2014 Asian Games performance
Seven Filipinos competed in Karate in the 2014 Asian Games in Incheon, South Korea. Only one of them, however, was able to bring home a medal. Mae Soriano secured a bronze medal in the Women's -55 kg Kumite when she defeated Wong Song I of Macau, 11-3, in the quarterfinals. Sadly, she lost in the semifinals to Kazakhstan's Sabina Zharakova to the score 1-6. But she closed out the competition strongly by defeating Indonesia's Cok Istri Agung Sanistuarani, 11-3, in the bronze medal match.
2018 Asian Games representatives
Mae Soriano (-55kg kumite)
Junna Tsukii (-50kg kumite)
Jayson Macaalay (-60kg kumite)
Sharief Afif (-84kg kumite)
James Delos Santos (Men's Individual Kata)
Just four months ago, Philippine Karate was in turmoil after the former local governing body, Philippine Karatedo Federation, was caught in controversy concerning alleged misuse of funds. The issue grew so big that it led to the group's disaffiliation from the World Karate Federation.
With the country in need of a new governing body, former national team member Ricky Lim founded Karate Pilipinas (KP).
"I started taking over last May in the Philippine National Games (PNG)," said Lim, the President of Karate Pilipinas. "I was assigned to be the tournament director and then the Philippine Sports Commission (PSC) recognized me as the leader of the new federation."
As a karateka himself, Lim was familiar with the struggles and frustrations of the athletes. He also understood the grind that they needed to go through in order to improve. He had major plans in revamping the program, hoping to give Philippine Karate a fresh start.
One of the new federation's initial moves was to bring in new personnel. They introduced two new coaches in Japanese Shin Tsukii and former Philippine national team member Sonny Montalvo. They also added more athletes while keeping the core of the previous national team.
"The first time we went out, I brought them to the Indonesian Open last May. It was just an open championship but Indonesians are high-level karatekas so I thought it would be good," Lim shared. "However, their national team players did not compete. So we were able to dominate."
In the national team's first competition under KP, they were able to bring home 12 gold medals and the overall championship. The success they experienced there was all the convincing the athletes needed to fully trust the new federation.
"Last June, we held training camp in Japan. They practiced three times for a total of 8-9 hours per day," said Lim. "They would wake up and train, have a one-hour break then train again, have a three-hour break and then train again. That was their daily routine for two weeks."
While in Japan, the Philippine athletes had a chance to test themselves against world champions. They trained with them and competed against them. "It was difficult to keep up with them, but we understood that it was the only way to get to the level those world champions are at," said Sharief Afif, who is set to represent the country in the upcoming Asian Games.
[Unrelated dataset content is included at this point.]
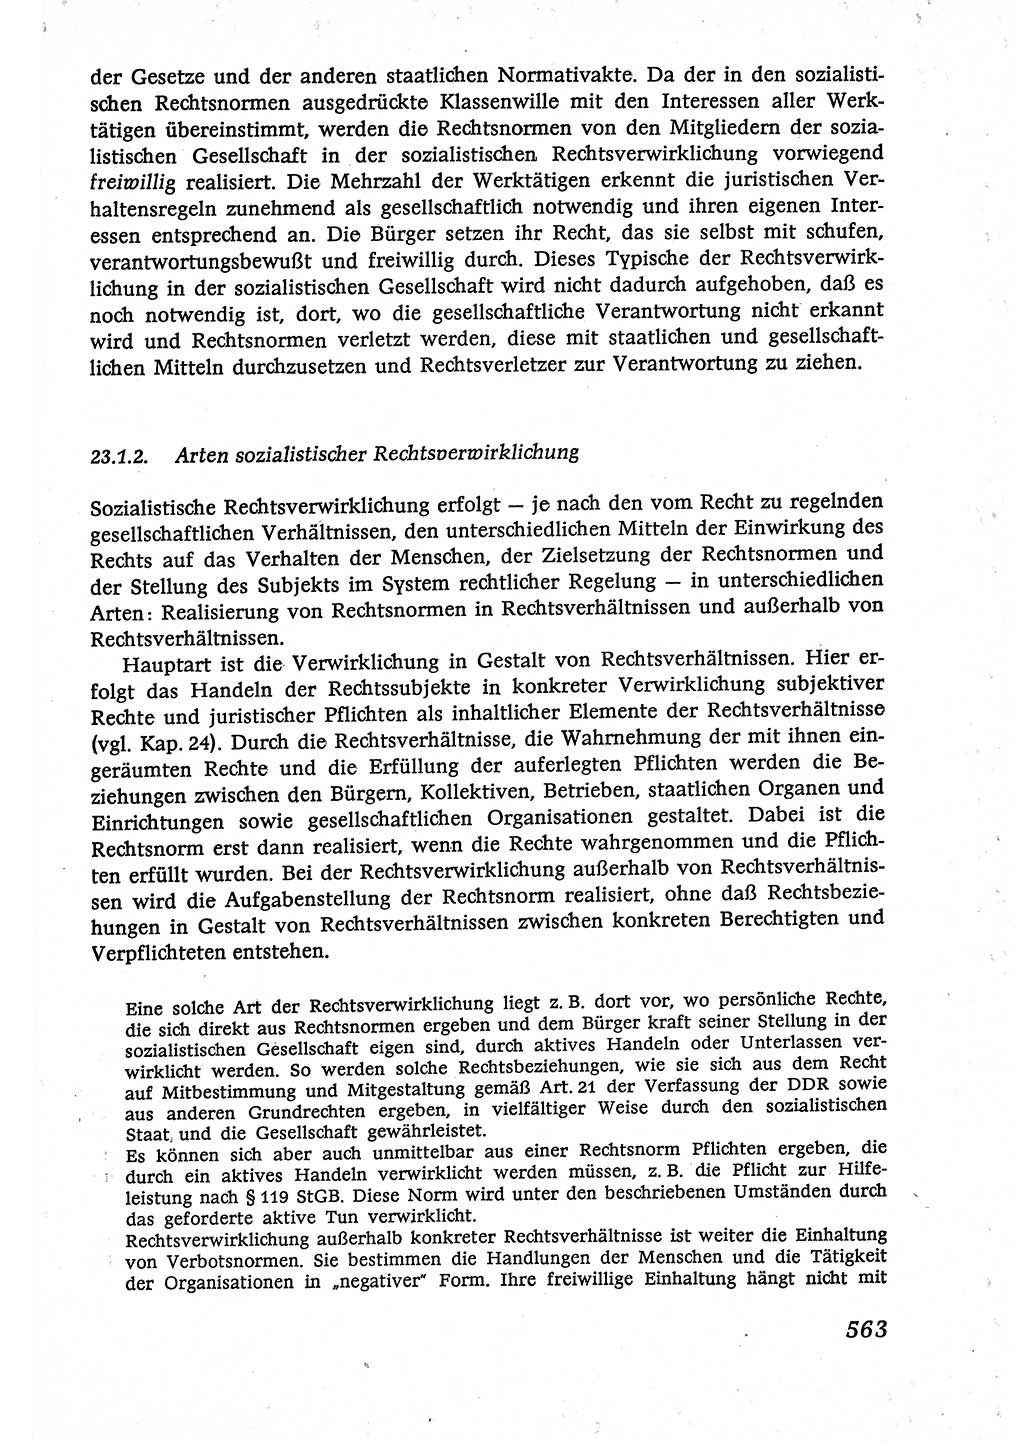 Marxistisch-leninistische (ML) Staats- und Rechtstheorie [Deutsche Demokratische Republik (DDR)], Lehrbuch 1980, Seite 563 (ML St.-R.-Th. DDR Lb. 1980, S. 563)

Those two weeks of training were very fruitful for the national team. More than the skills that they learned and developed, the most biggest boost reflected on their confidence.
"We never understood our full potential because we never felt pushed to our limits. When we trained in Japan, we were surprised that we could score against world champions," Afif said. "That's when we realized that we can really compete. So we asked ourselves, 'why don't we join every tournament possible?'"
That's exactly what they did.
"Not long after we got back to Manila, we flew out for the Asian Karate Federation (AKF) Championships in Amman, Jordan," said Lim. "We had four players in Amman. While we were there, Sharief and some of the other athletes who were left in Manila, used their own money to fly out and compete in the Malaysian Open."
The athletes were pumped and eager to see the results of their camp in Japan, so much that they were willing to dig into their own pockets to just to be able to compete.
"It was a sacrifice we were willing to make to see how far we've really improved," said Afif, who won a silver medal in Malaysia. "When I won the silver, I thought 'if we continue this kind of training and program, we'll surely keep on taking home medals.'"
What was expected to be a catastrophe for Philippine Karate turned out to be its biggest blessing. The team was almost lost. Now they look better than ever.
"The progress I've seen over the last three months has been excellent," Lim said. "They've been working hard and they have adapted to the changes very well. I hope that the trainings we introduced have stuck to their minds and have settled in with their bodies."
Prognosis for Jakarta
Since Karate Pilipinas took over the national team, there hasn't been a lack of preparation for the Asian Games. But despite the progress and the promise that he's seen, Lim chooses to stay realistic with his expectations in the continental meet.
"With only three months of preparation, it's going to be tough for us in the Asian Games. But a miracle is always welcome," he said. "Honestly, I'll be good with a wild silver or bronze."
Lim admits that they're looking more at the South East Asian Games that will be held in Manila in 2019. He promises, however, that there will be no lack of effort from his team in the Asiad.
"We want to show the POC and the PSC that given the proper training and support, the Philippines can prosper in Karate," he added.